Provides permanent virtual circuit
Provides sequential delivery of packets and frames
Single path through network for all packets and frames

A connectionless protocol has the following characteristics:

Provides dynamic flow through the network
Provides alternative paths
Receiving nodes must be able to manage nonsequential acknowledgments
There is potential for nonsequential delivery of packets and frames

Figure 1-2 indicates some connection-oriented and connectionless protocols.

Figure 2: Connection-oriented and connectionless protocols

Ethernet

   Ethernet is the oldest of the LAN technologies commonly used throughout the business industry today. Regardless of its ancient history, Ethernet is still deployed today in traditional LAN infrastructures.

   Ethernet’s design forces stations to contend against each other for access to media. This contention-based nature of Ethernet prevents stations from exploiting the available 10 Mbps bandwidth. Realistically speaking, each individual station on the shared media only receives a small percentage of the available bandwidth. However, each station is capable of receiving all transmissions from all stations, but only in a half-duplex mode. This means a station cannot send and receive data at the same time.

   In the Ethernet architecture, when a station desires to transmit, it checks the network to make sure that no other station on that segment is transmitting. If by chance the network is idle, the station then proceeds with its transmission. The sending station monitors the network to ensure that no other station on the segment is transmitting. There is a strong possibility that two stations on the same network can transmit at the same time, which inevitably produces a collision (Figure 1-3). Once a collision is detected, a special bit pattern called a jam signal may be sent by other stations to ensure that all stations recognize the collision and defer any pending transmissions. All stations then stop transmitting for a randomly selected time frame before they are permitted to retransmit.

Figure 3: Collision domain on an Ethernet LAN segment

Ethernet uses an access method called Carrier Sense Multiple Access/Collision Detection (CSMA/CD) to detect the interference caused by simultaneous transmission by two or more stations. CSMA/CD manages collisions; however, it also increases transmission time in two ways:

If two stations transmit simultaneously, the information transmitted will collide at some point; therefore, each station must stop its transmission and retransmit at a later time.
Once a stations sends information, an Ethernet LAN will not transfer any other information until that information has successfully reached its destination.

   In essence, although CSMA/CD slows up Ethernet networks, it can effectively manage transmission on the wire. As a network administrator you must weigh the pros and cons and determine the most strategically sound solution for your local networking.

Token Ring

   Token Ring, developed by IBM, is a LAN technology in which all stations are connected in a ring or star topology. Token Ring helps reconcile the contention-based access to the transmission medium by granting every station equal access. Token Ring uses a token-passing process to prevent collision between two stations that want to send data at the same time. The token passing allows only the station with the token to have access to the ring for data transmission. When a station wants to transmit, it waits upon the arrival of the token. Essentially, to transmit you need to possess the token. Upon the arrival of the token, the station creates a data frame and transmits it onto the wire. The stations then relay the frame around the ring until the frame reaches its respective destination.
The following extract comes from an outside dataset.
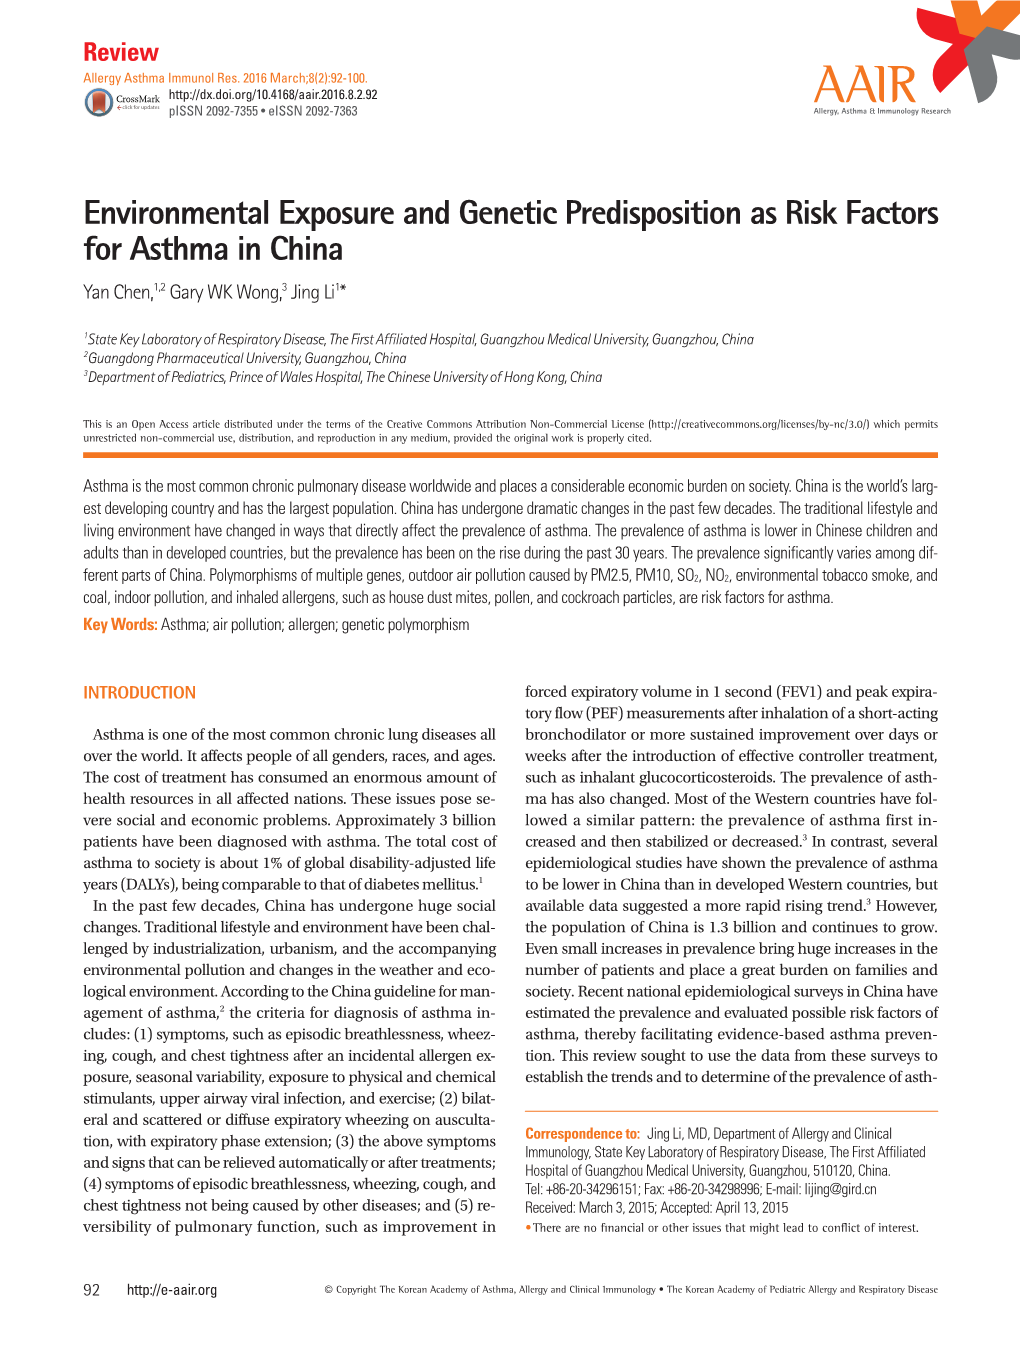 Environmental Exposure and Genetic Predisposition As Risk Factors for Asthma in China Yan Chen,1,2 Gary WK Wong,3 Jing Li1*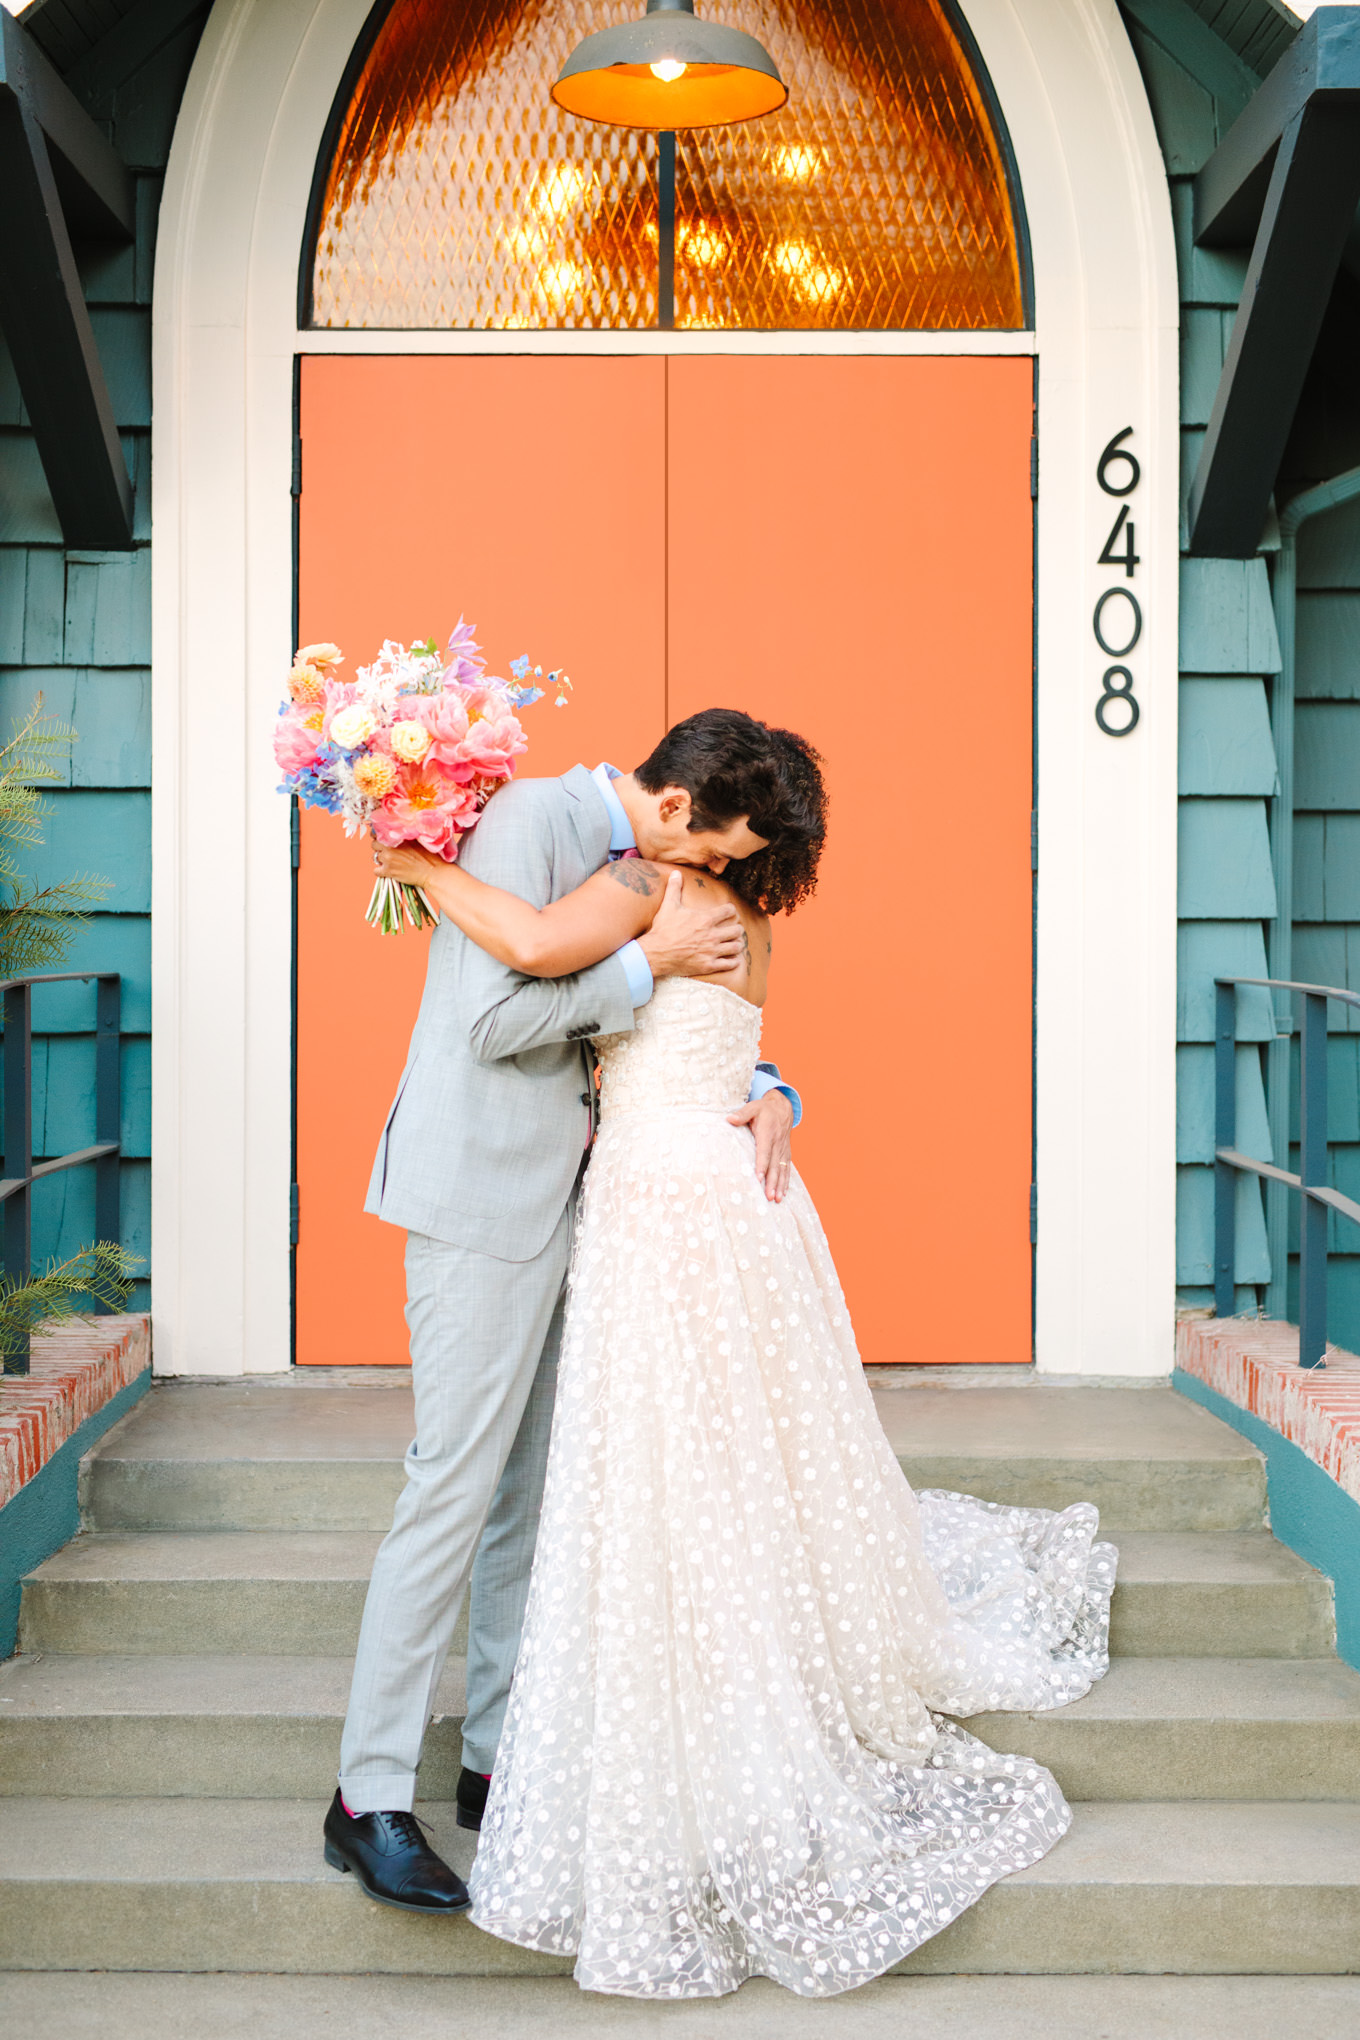 Bride and groom embracing after wedding ceremony | Colorful pop-up micro wedding at The Ruby Street Los Angeles featured on Green Wedding Shoes | Colorful and elevated photography for fun-loving couples in Southern California | #colorfulwedding #popupwedding #weddingphotography #microwedding Source: Mary Costa Photography | Los Angeles

   In Token Ring implementation, stations on the ring are connected through a central hub: Media Access Unit (MAU). Often, network administrators will interconnect MAUs to extend the Token Ring LAN connectivity from various floors and parts of the building. Usually, a MAU can connect up to eight Token Ring stations.

   The Token Ring operation is quite simple: A station can only transmit when it receives the token frame (though exceptions can be negotiated). A station that receives the token with no data to transmit simply forwards the token to the next station, and this continues until the token reaches a station with data for transmission. The station that seizes the token to transmit data must also alter the T bit of the frame. In Token Ring implementation there is a mechanism in place to permit certain user-designated stations higher priority than other stations on the ring. This allows stations with the highest priority frequent access to the network for data transmission.

   To help detect faults on a Token Ring network, an active monitor is assigned the role of ring maintenance. The active monitor will discard any frame that traverses the ring continually. This frame can prevent all other stations of the ring from transmitting.

FDDI

Fiber Distributed Data Interface, commonly know as FDDI, is a standard for data transmission on fiber-optic lines within a LAN. FDDI implementation is based primarily on Token Ring implementation. An FDDI network contains two Token Rings: a primary ring, and a secondary ring for failure recovery. FDDI provides extensive reliability by providing up to 100 Mbps capacity. If the secondary ring is not needed for failure recovery, it can carry data, too, increasing capacity to 200 Mbps. The increased capacity makes FDDI the most feasible LAN solution for client/server applications. FDDI can also be deployed for workgroups or at the backbone.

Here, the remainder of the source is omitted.